Pada suatu hari Rasulullah Saw. duduk bersama sahabat. Saat itu lewatlah sahabat lain. Sahabat itu tidak menonjol, biasa saja. Kepada para sahabat yang lain, Rasulullah Saw. berkata tentang sahabat yang satu itu, “Dia adalah seorang lelaki calon penghuni surga.”
Mendengar perkataan Rasulullah, Abdullah bin Umar menjadi penasaran. Ia berupaya mengetahui rahasia kehidupan orang yang dipastikan oleh Rasulullah Saw. sebagai penghuni surga itu. “Apa amalan lelaki Anshar ini, dan apa pula kelebihannya?” gumam Abdulah dalam hati.
Untuk menyelidiki orang tersebut, Abdullah bin Umar pun meminta diperbolehkan tinggal selama beberapa hari di rumah sahabat yang dikatakan calon penghuni surga itu.
“Jika tidak keberatan, aku ingin tinggal bersamamu untuk beberapa hari saja,” kata Abdullah ibnu Umar.
“Ada apa dengan kamu?”
“Aku baru saja bertengkar dengan ayahku. Dan aku bersumpah tidak ingin bertemu dengannya selama tiga hari ini,” kata Abdullah berbohong.
“Boleh, silahkan kapan saja dan berapa lama pun, bisa,” kata sahabat itu dengan ramah.
Selama tiga hari itu, diamatinya tingkah laku dan tindak tanduk sahabat itu dalam kehidupan sehari-harinya. Namun, setelah beberapa hari tinggal di rumah sahabat itu, Abdullah tidak menyaksikan kelebihan amalan yang dikerjakan oleh sahabat itu. Ia menyaksikan kehidupan bakal penghuni surga itu biasa-biasa saja, amalan shalatnya pun biasa-biasa saja.
Saat hendak berpamitan, Abdullah terpaksa “membuka kartu” dan bertanya kepada tuan rumah bakal penghuni surga itu.
“Saudaraku, sebenarnya aku tidak apa-apa dengan ayahku,” kata Abdullah.
“Lalu ada apa kau tidur di rumahku?” tanya lelaki Anshar itu.
“Beberapa hari yang lalu, ketika kami sedang berkumpul di masjid bersama Nabi, beliau mengatakan bahwa sebentar lagi akan ada orang Anshar calon penghuni surga masuk ke masjid itu. Dan laki-laki Anshar yang disebutkan itu adalah saudaraku.”
“Ah, benarkah begitu?” kata lelaki Anshar itu merendahkan diri.
“Benar, Nabi berkata begitu. Cuma kini kami ingin tahu, apa sebenarnya amalan yang saudaraku kerjakan sehingga Rasulullah memastikan tuan akan masuk surga?” tanya Abdullah.
“Oh, jadi selama ini engkau menyelidikiku ya?”

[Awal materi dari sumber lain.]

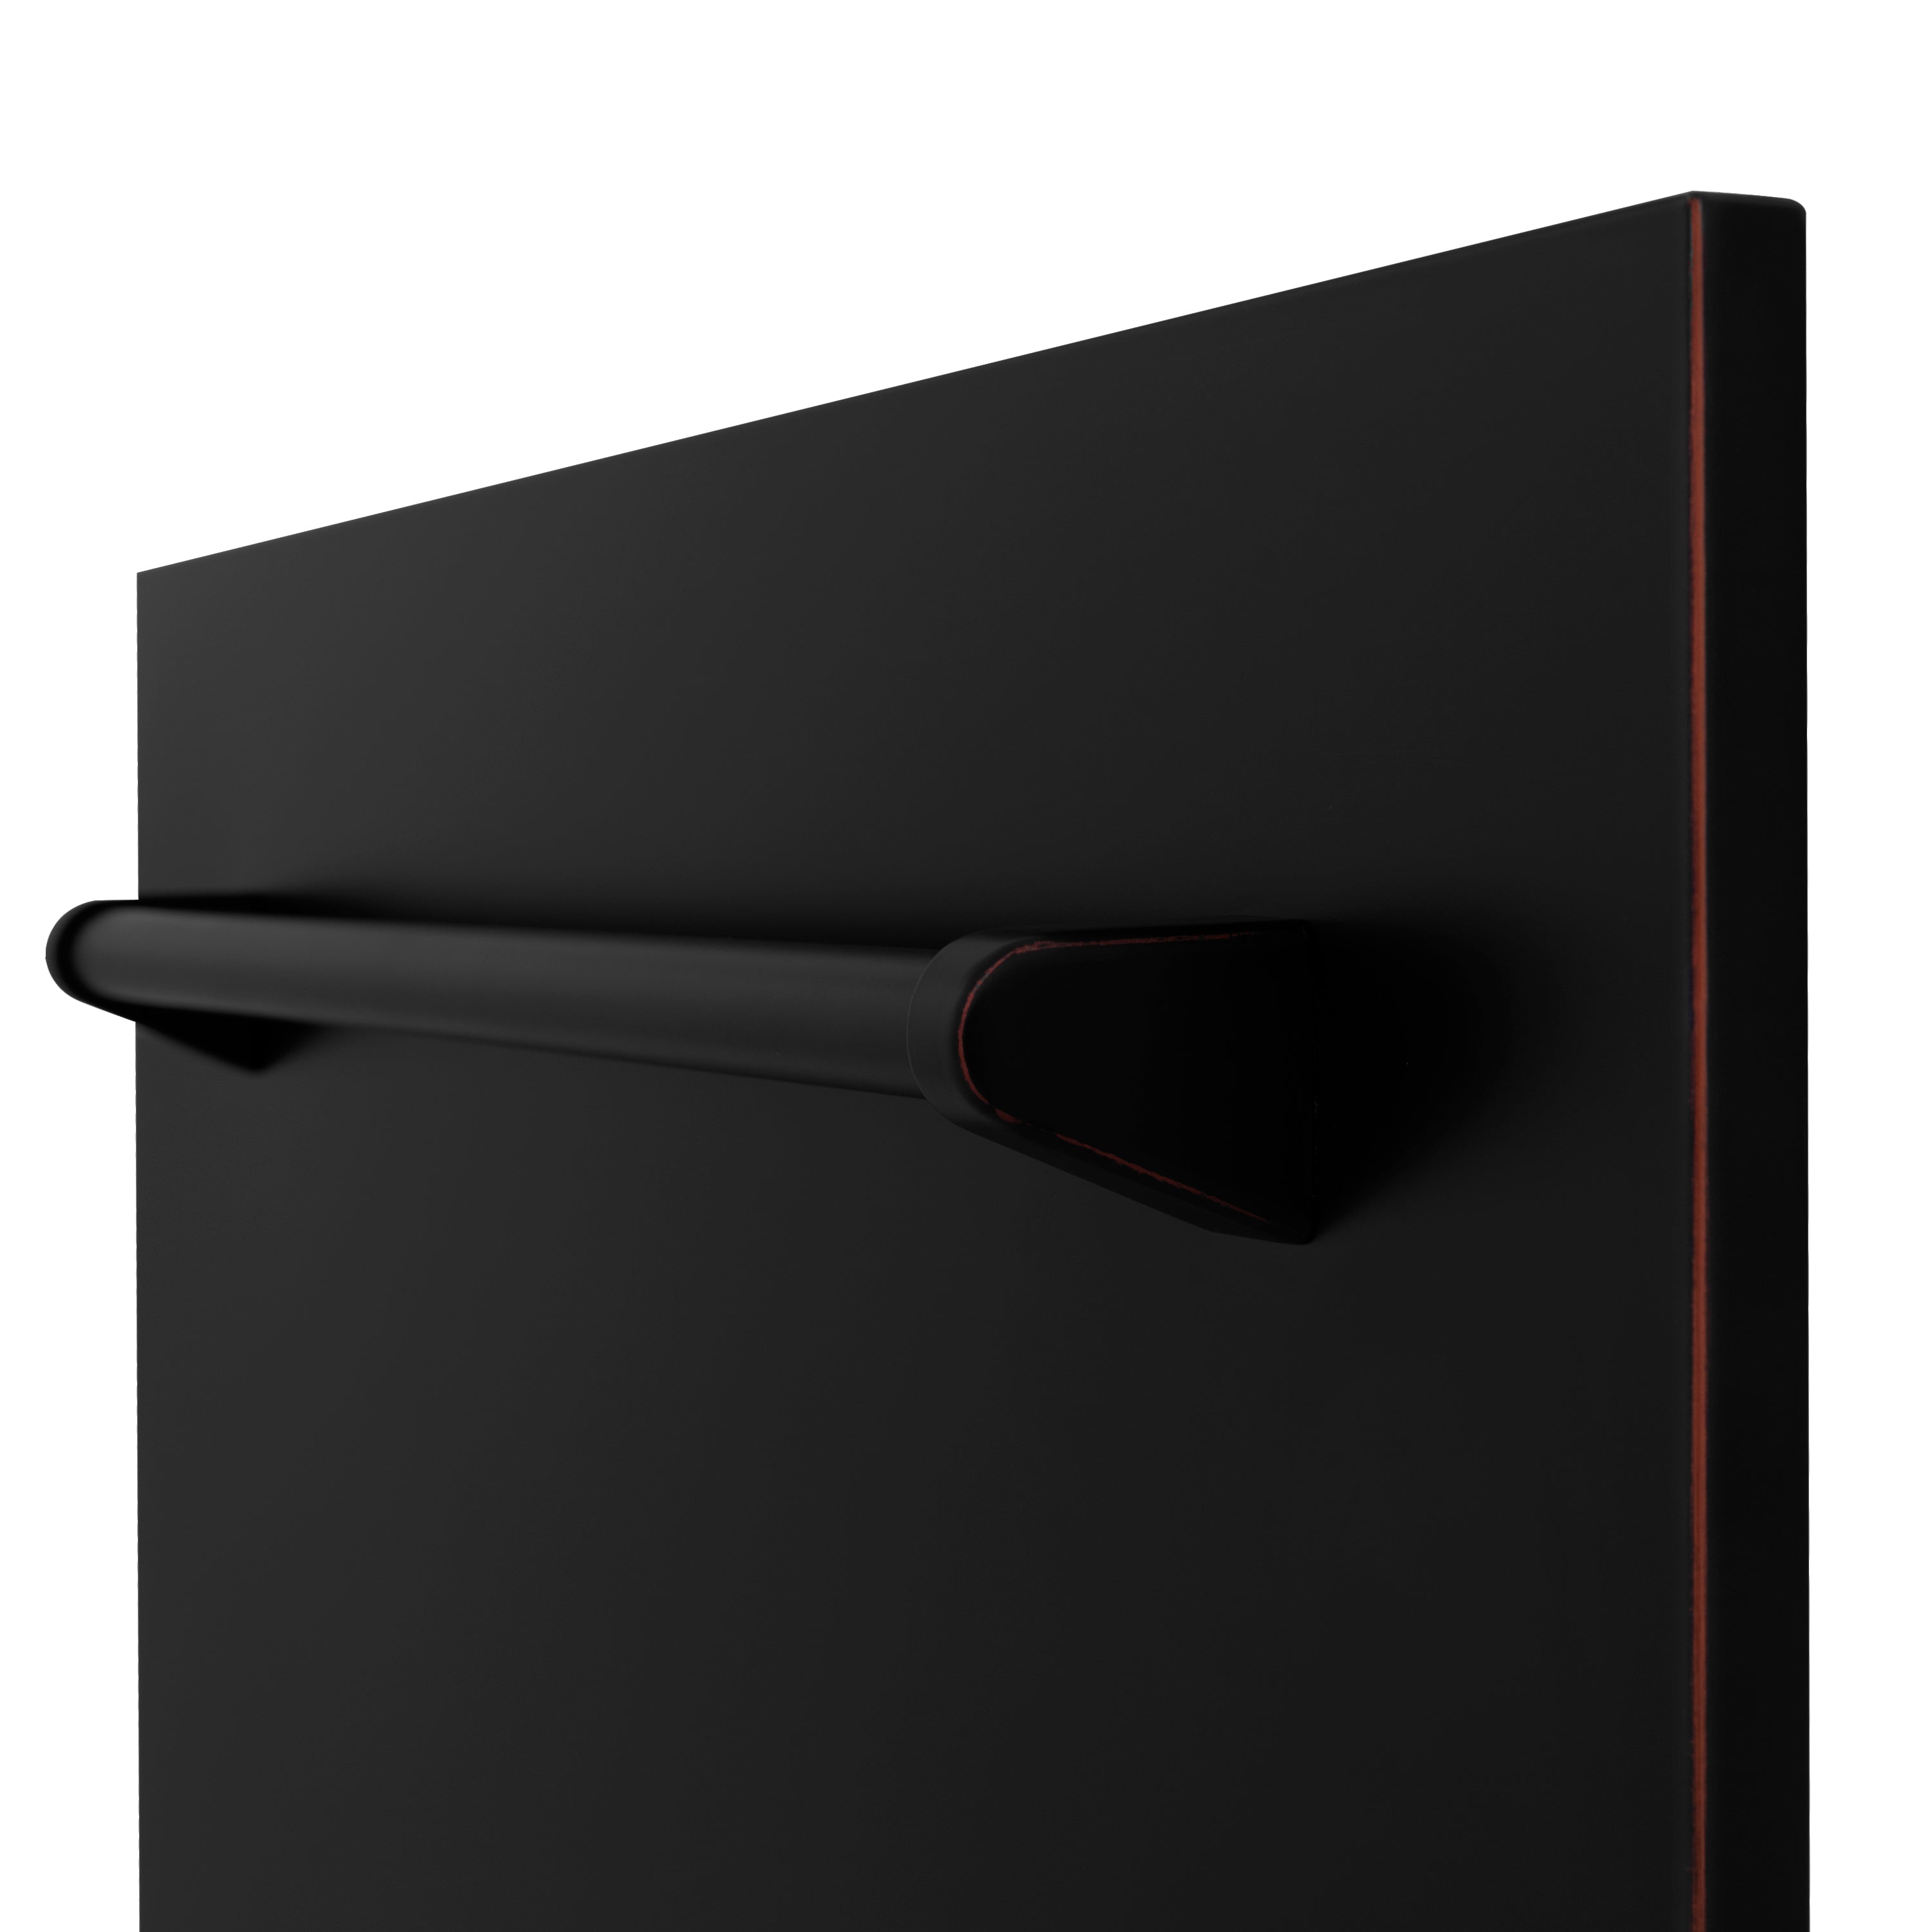 ZLINE 24" Tallac Dishwasher Panel in Oil Rubbed Bronze with Traditional Handle (DPV-ORB-24)

“Ya,” katanya terus terang.
“Tak ada amalan khusus yang aku kerjakan. Beginililah kehidupanku sehari-hari sebagaimana yang engkau saksikan sendiri beberapa hari di sini,” kata sahabat Anshar itu.
Mendengar jawaban itu, Abdullah semakin penasaran. “Tetapi masih ada sesuatu yang saudaraku rahasiakan kepadaku.”

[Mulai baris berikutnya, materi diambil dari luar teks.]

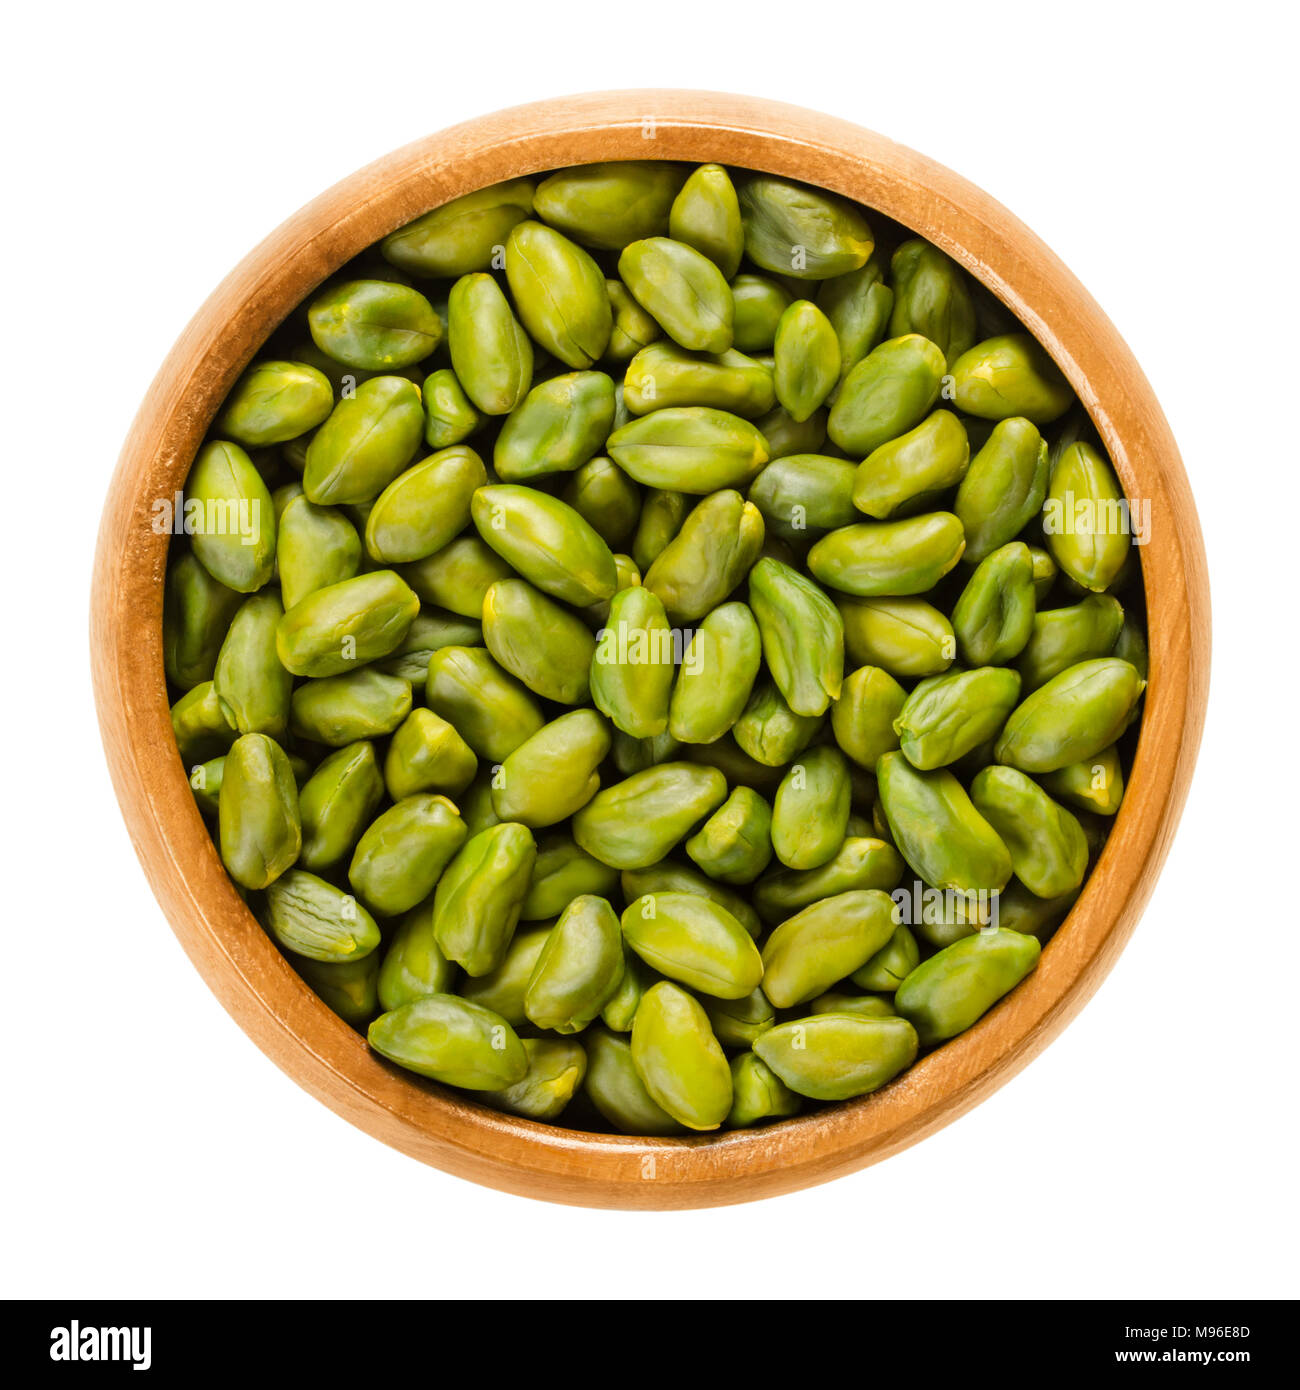 Green pistachios in wooden bowl. Dried and peeled kernels. Shelled fruits and seeds of Pistacia vera. Used as snack and for desserts. Stock Photo

Pada akhirnya orang bakal penghuni surga itu juga ikut “membuka kartu” dan mengungkapkan apa adanya. “Sesungguhnya yang aku amalkan dari ajaran Nabi adalah biasa saja. Aku berusaha sekuat tenaga tidak akan melakukan perbuatan yang merugikan sesama kaum Muslimin. Aku selalu berusaha membersihkan hatiku dengan tidak pernah memiliki sifat iri hati serta menaruh rasa dengki dan hasad kepada orang lain sepanjang hidupku. Apalagi hasad terhadap kenikmatan yang diterima orang lain.”

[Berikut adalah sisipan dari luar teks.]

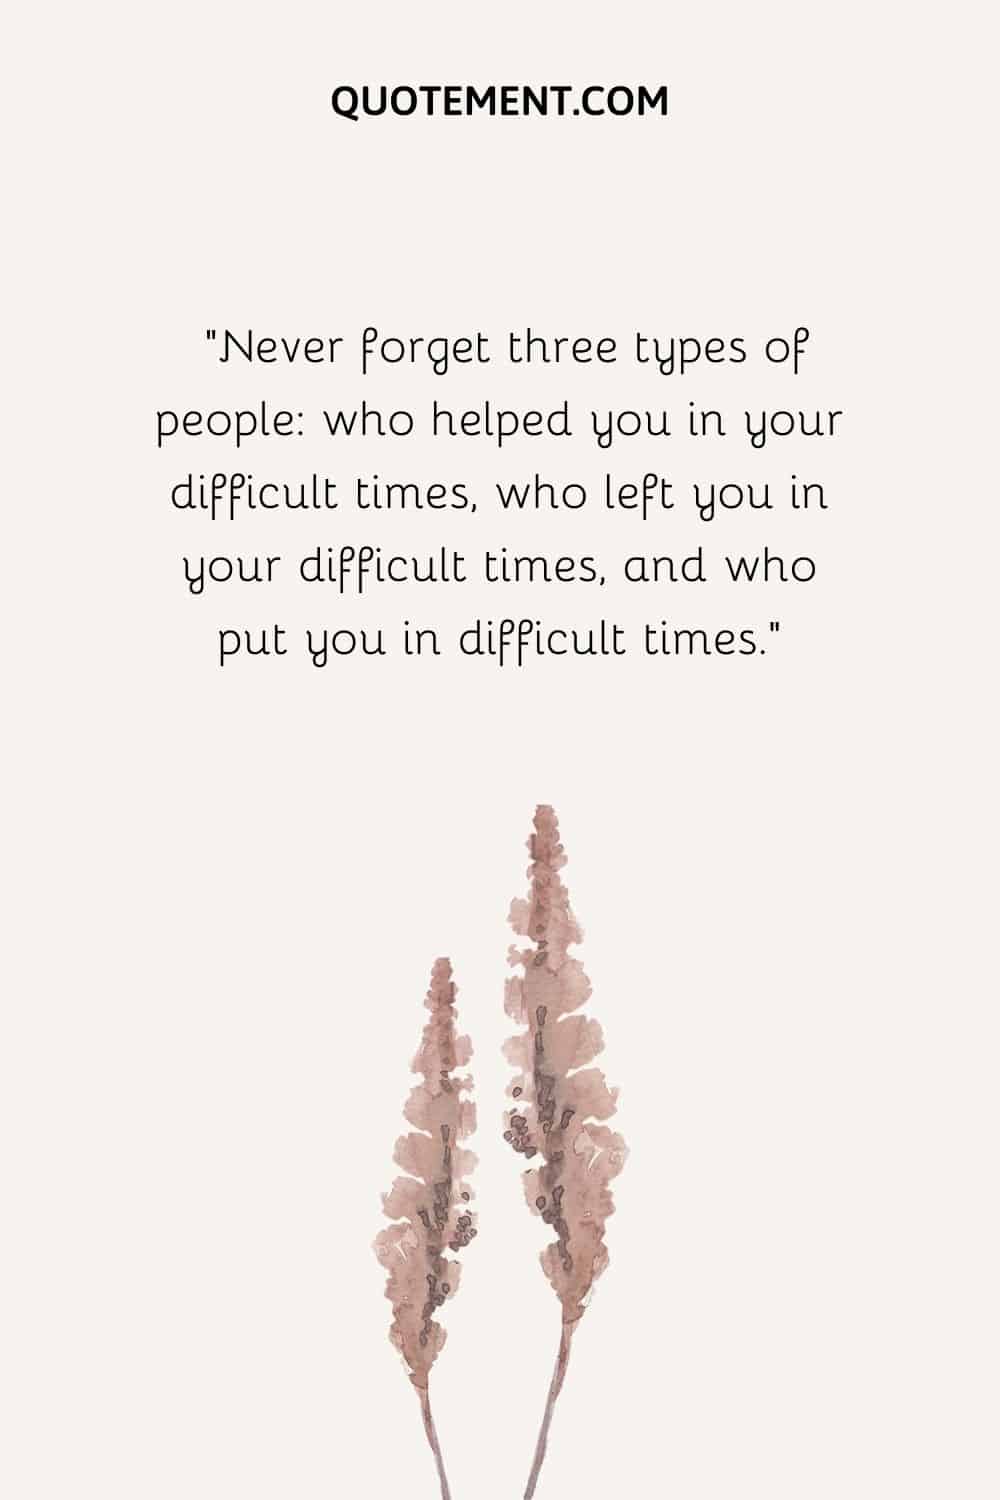 Never forget three types of people who helped you in your difficult times, who left you in your difficult times, and who put you in difficult times.

“Hanya itu?” tanya Abdullah.
“Ya,” jawabnya.
Mendengar pengakuan jujur lelaki itu, Abdullah bin Umar semakin takjub mendengarnya. Secara lahiriah, amalan lelaki Anshar itu tak terlalu istimewa. Tetapi secara rohaniah, amalan itu sungguh luar biasa. Bukankah memang banyak orang yang mampu mendirikan shalat tetapi tak mampu menjaga hatinya dari rasa iri, dengki, hasad dan prasangka buruk kepada orang lain?
“Subhanallah, rupanya inilah amalan utama yang telah menjadikan saudaraku mendapat kemuliaan di surga?” gumam Abdullah Ibn Umar di dalam hati sambil berpamitan meninggalkan rumah lelaki itu.
Demikian keagungan hati yang suci, meskipun amal ibadah biasa saja, namun jika dibarengi dengan hati yang ikhlas dan ridho kepada Allah, tidak selalu berprasangka buruk terhadap sesama manusia, apalagi iri dengki, hasad, pendendam, sombong, dan keburukan-keburukan hati yang lainnya.